• **PROVIDED DATA**
————————
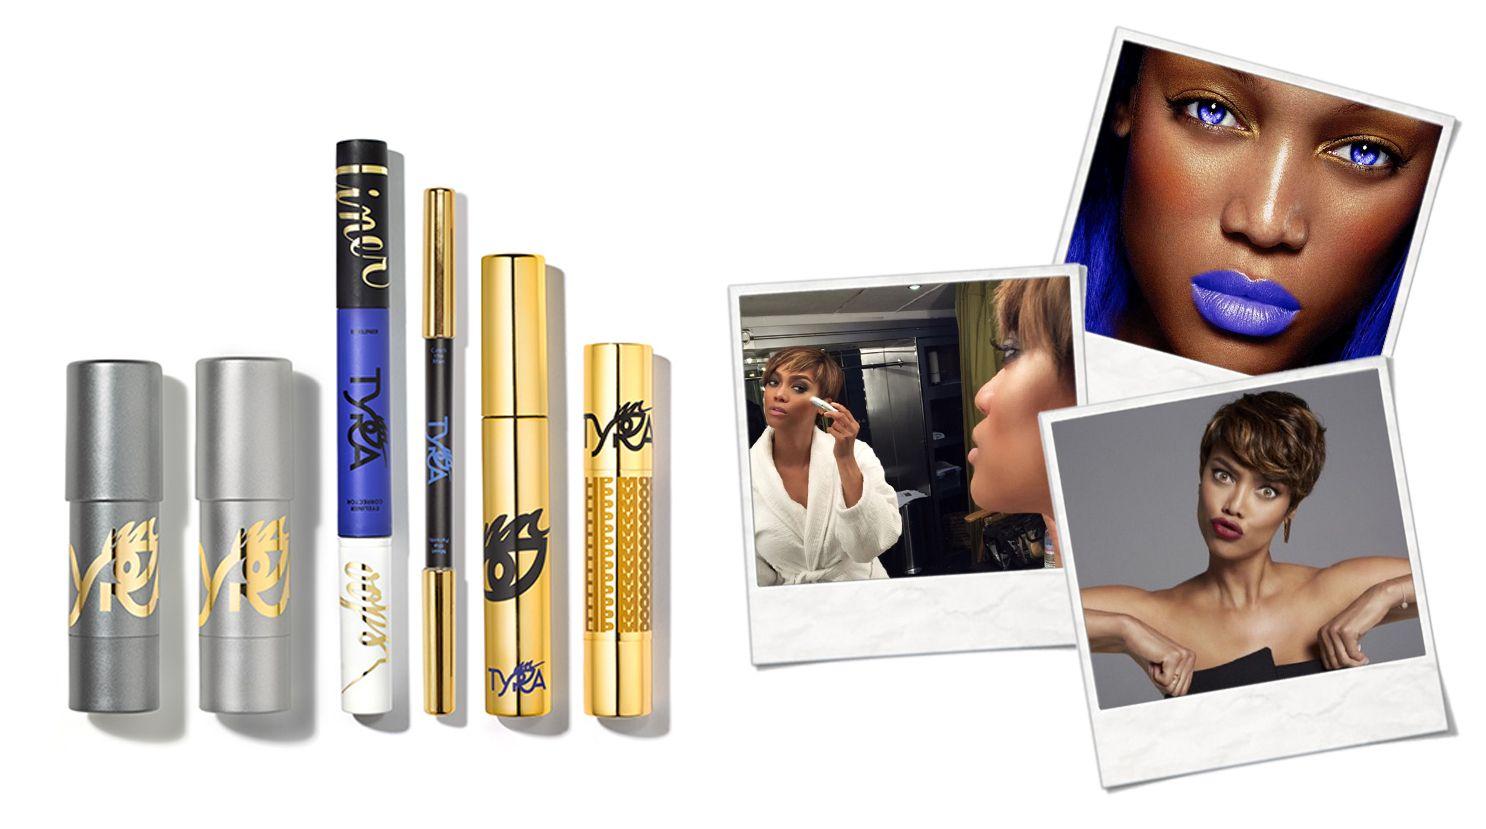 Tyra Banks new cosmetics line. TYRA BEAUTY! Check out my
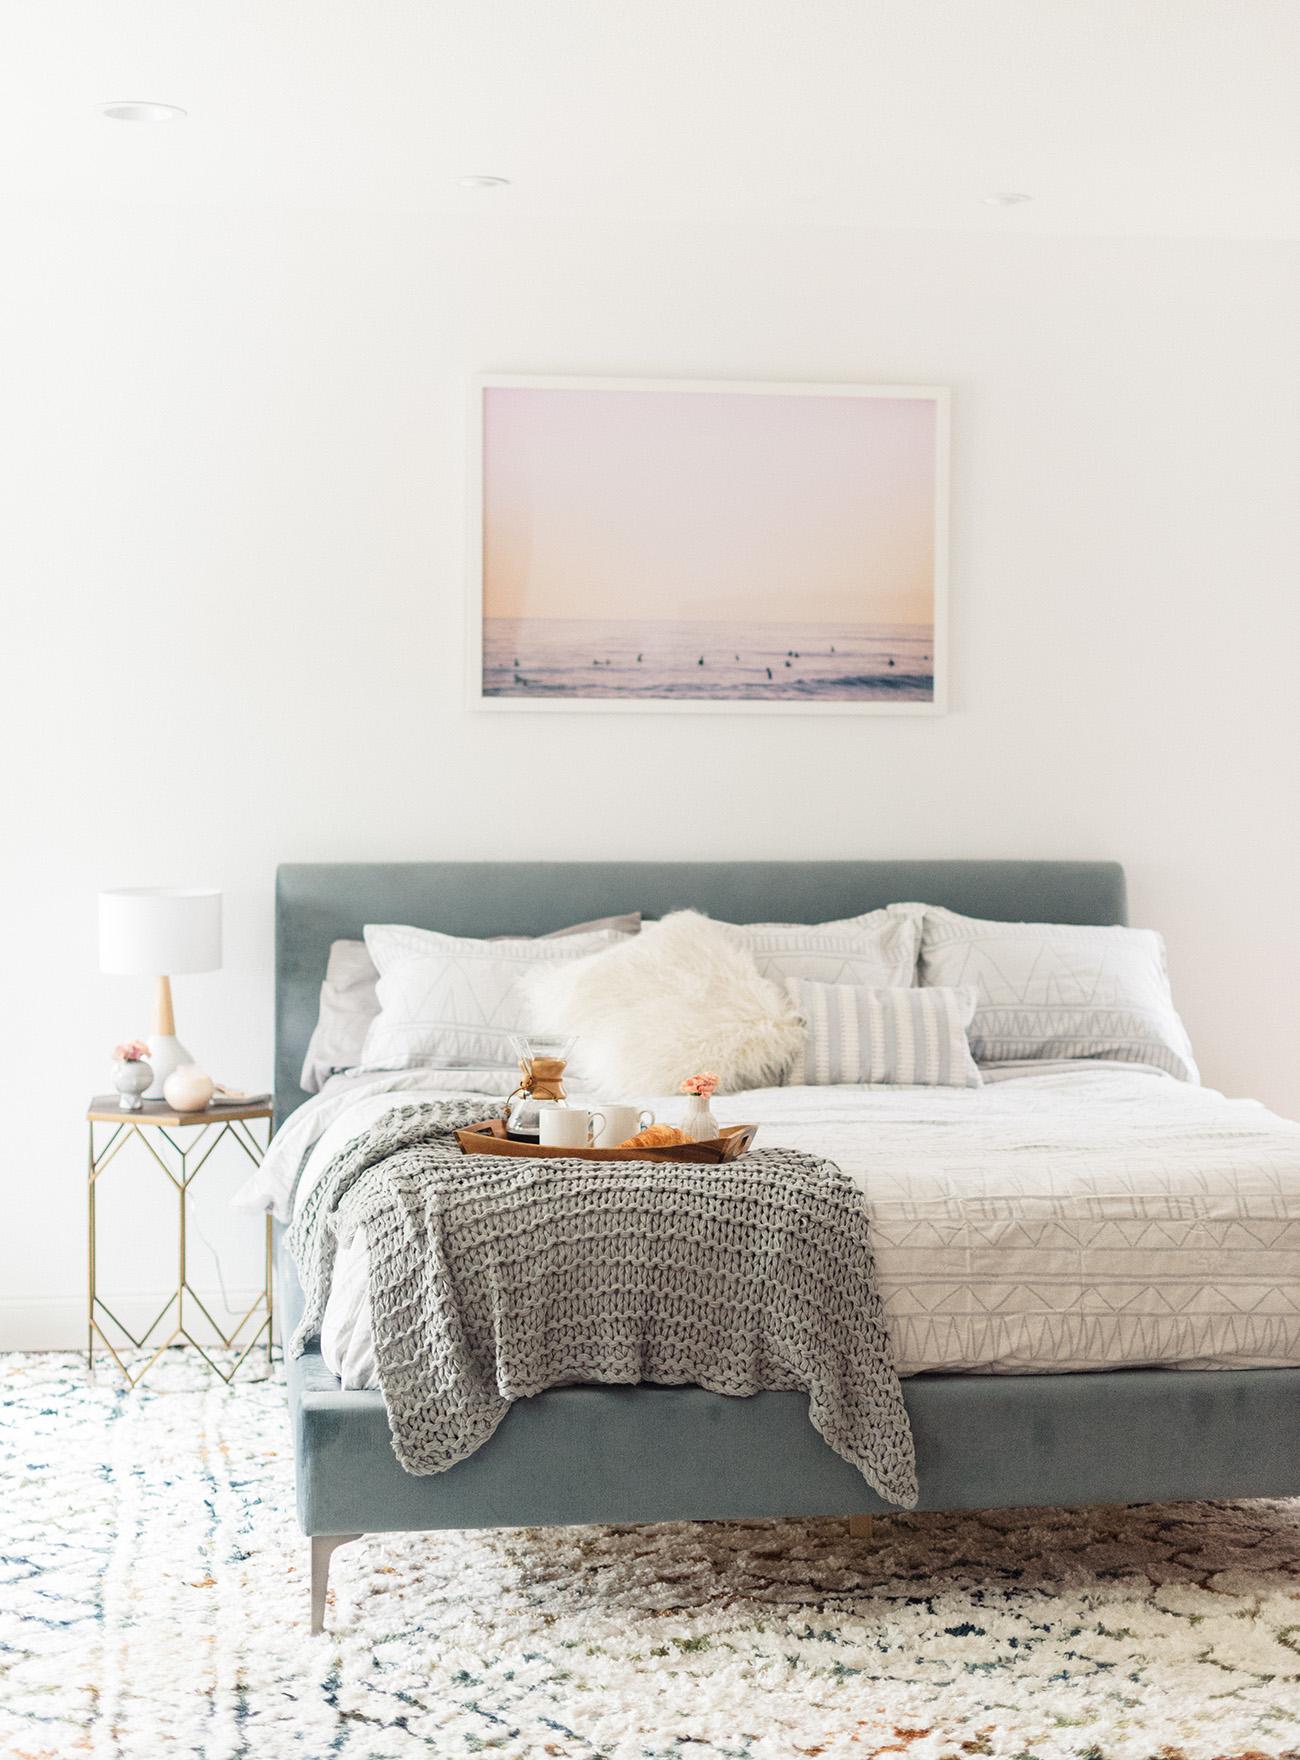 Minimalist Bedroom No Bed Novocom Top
————————
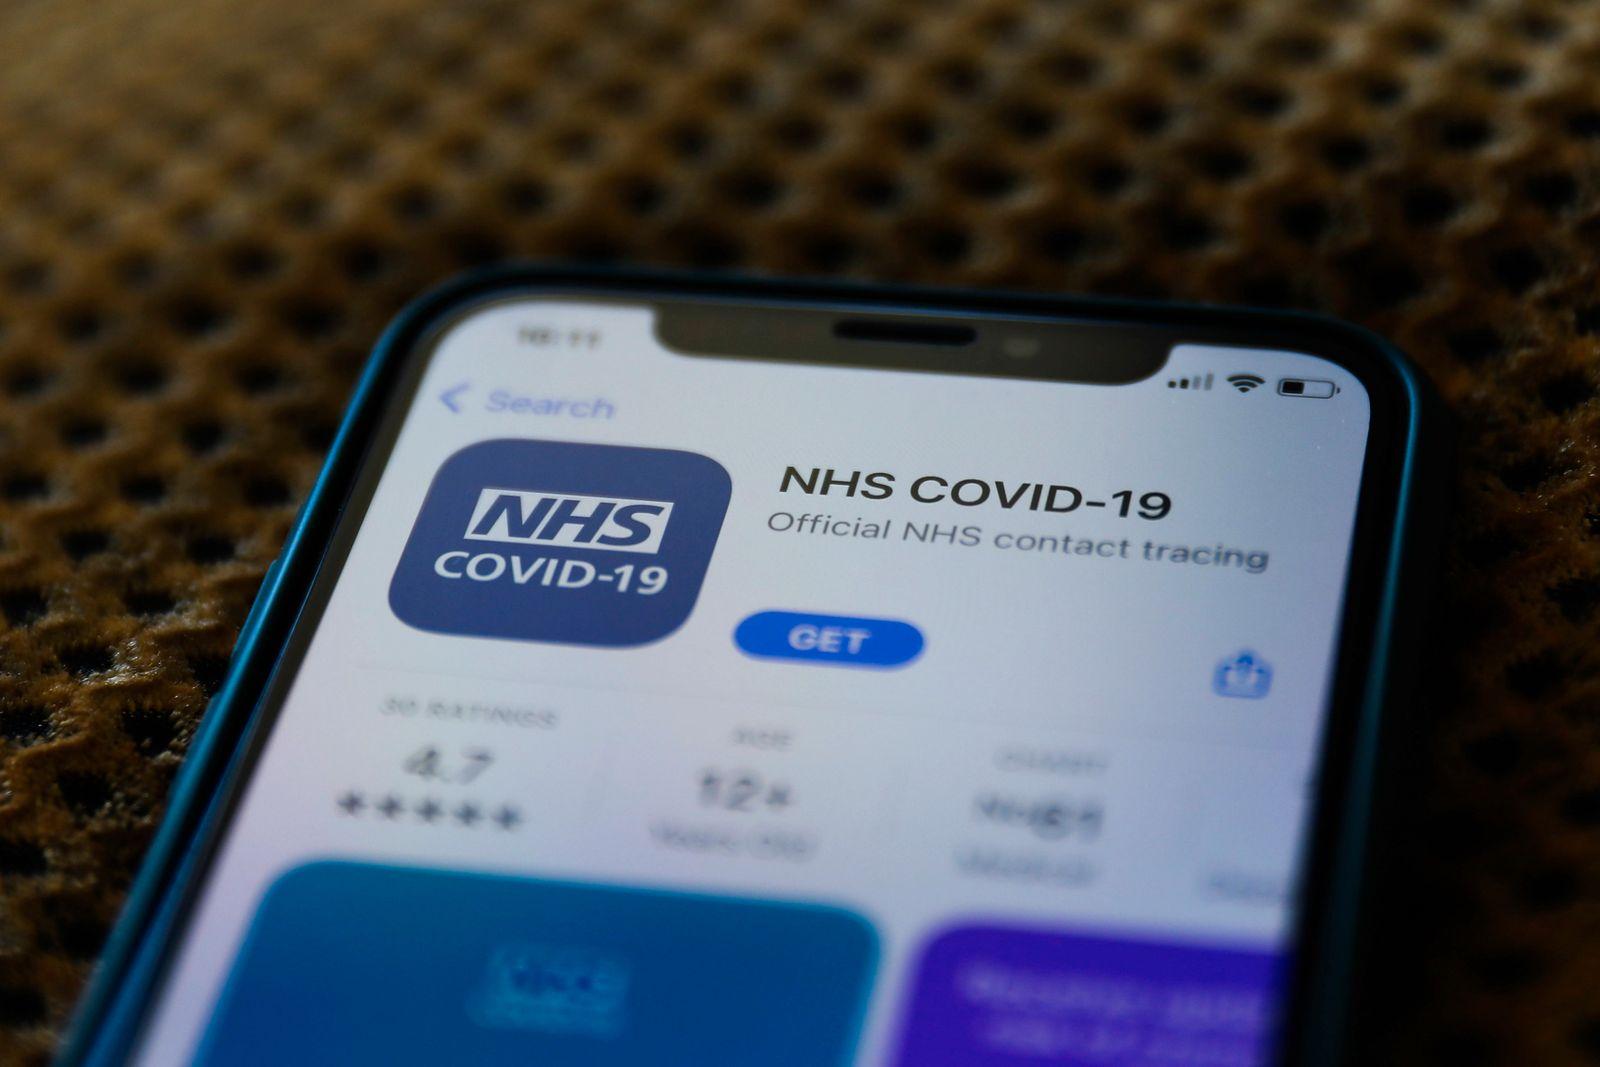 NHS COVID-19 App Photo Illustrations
————————
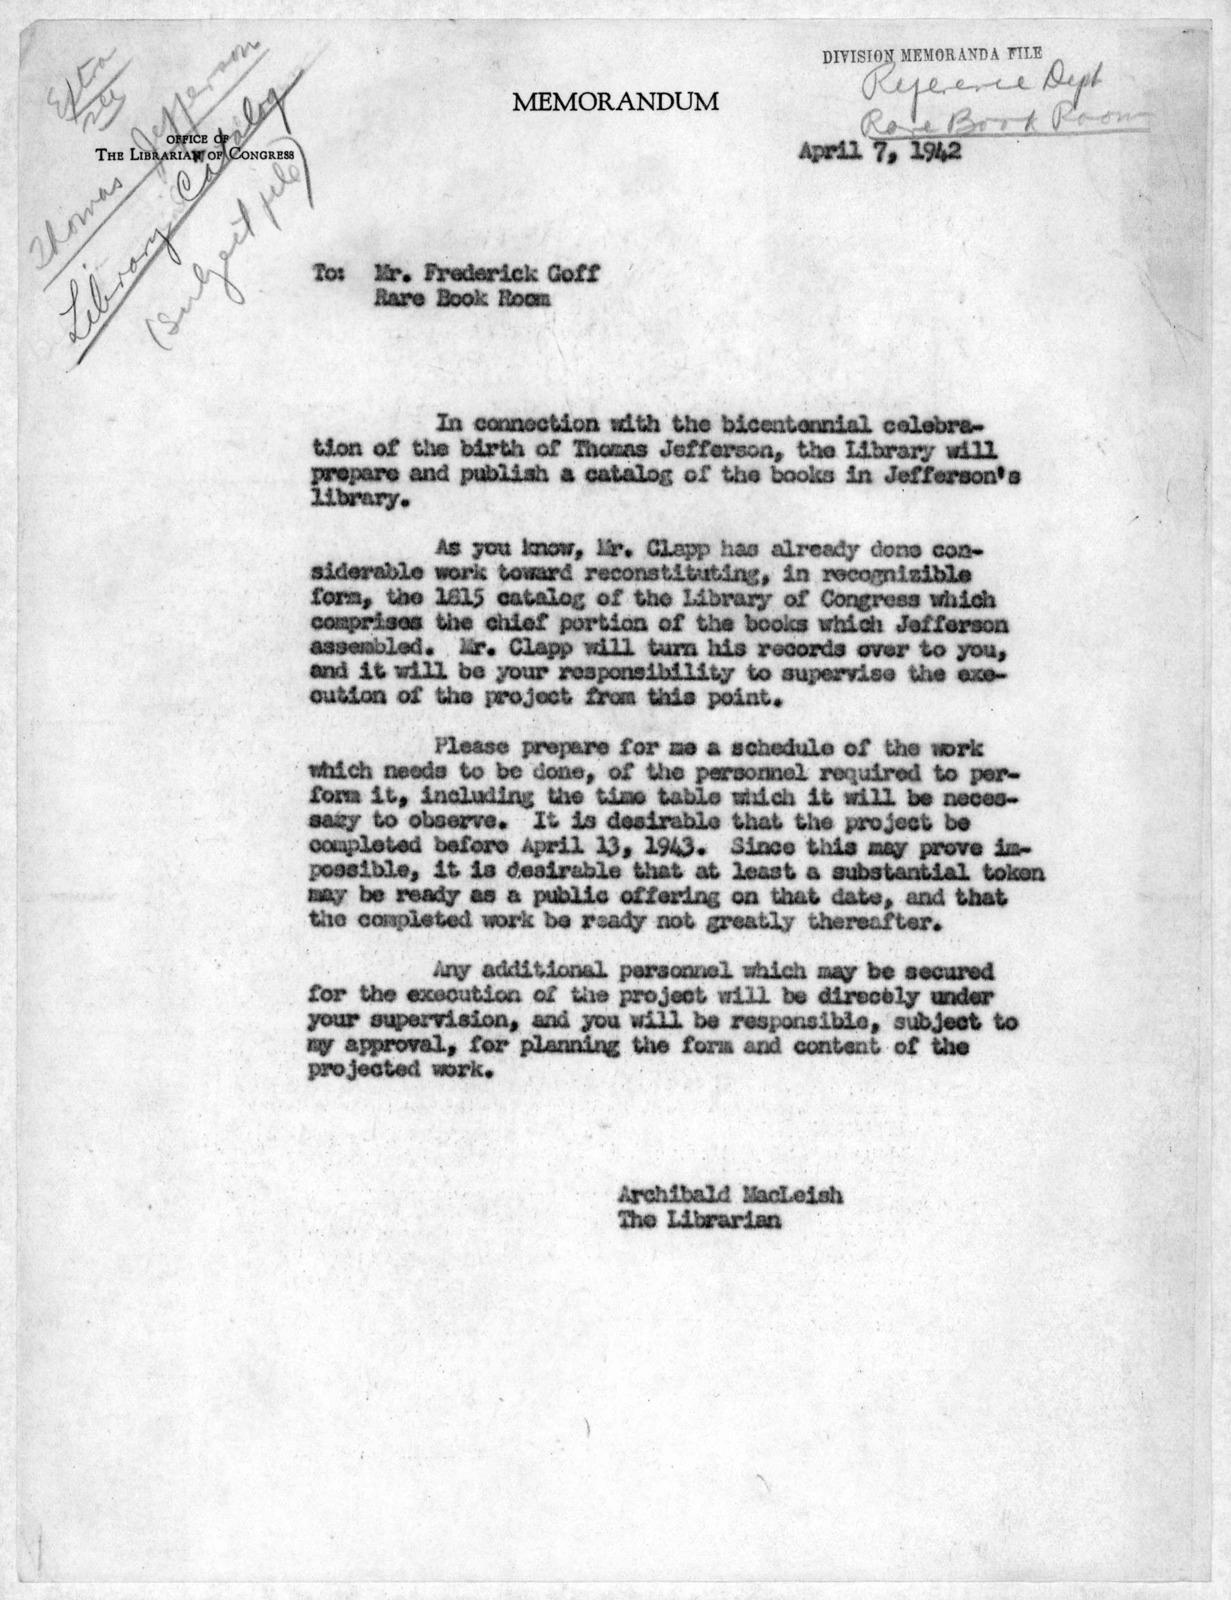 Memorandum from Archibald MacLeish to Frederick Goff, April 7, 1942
————————
Copy the lines above exactly, starting at the one with "Tyra Banks new" and ending at the one with "Minimalist Bedroom No Bed Novocom Top", both included. Leave out any pictures and add nothing else.

• **RESPONSE BELOW**
 Tyra Banks new cosmetics line. TYRA BEAUTY! Check out my
 Minimalist Bedroom No Bed Novocom Top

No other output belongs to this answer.